PCVC's findings also suggest that the lower mortality rate among men is due to the support and care the family provides. This, of course, falls in line with how patriarchal family structures, especially among the more economically backward classes, often overlook the women to accommodate the needs of men, who may be the sole breadwinners.
This lack of family support could also mean psychological trauma in the case of women, a particularly gendered aspect to burns that medical practitioners must look into.
The findings also expressly state that "almost all doctors across the four states opined that many [women] succumb to injuries due to infections [in and out of hospitals]". Better care would instantly mitigate that, however, women's bodies are often neglected, and it comes as no surprise that a large number of these women die, not directly because of the burns, but due to the lack of attention.
PCVC further states that the follow up rate for medical care amongst women is very poor: another factor for the high mortality rate.
Even within the existing support mechanisms, there continue to be gaps. One of the key findings of their report has been that burns wards are expected to refer patients to the psychological and psychiatric department, and this almost never happens in practise. Also, while there are physio and psychotherapy units in hospitals, most of these burn victims don't have access.
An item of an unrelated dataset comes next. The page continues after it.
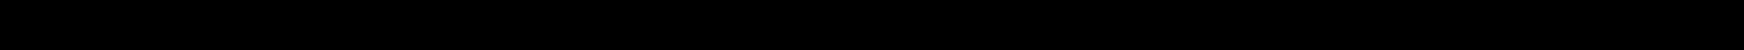 cfsalamisrev-webfont.ttf
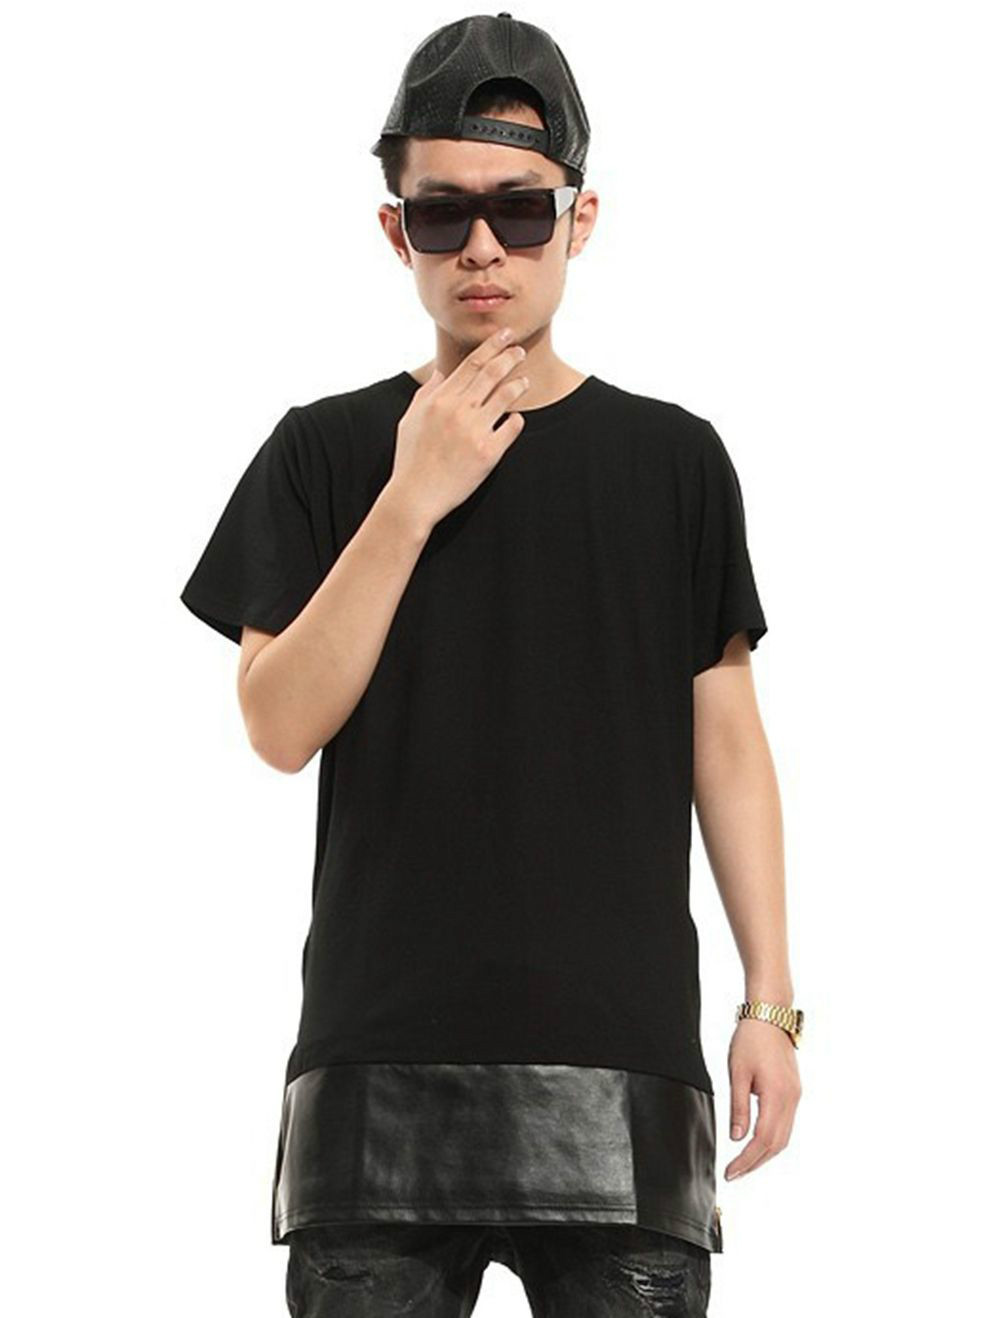 mens t shirts fashion 2015 gold blaze zipper lengthen

That a lot of this can be traced back to a lack of family support, and, of course, cultural baggage that demands women be sacrificing, is deeply troubling.
91,000 is a frighteningly large number. Brazil recorded 91,000 Zika cases last year. Cases alone, not deaths. That was enough for the virus to be considered an epidemic. While it can be impossible to tell an accident from an attack in the case of burns, the sheer scale of burn deaths in the country means that burn cases warrant further investigation.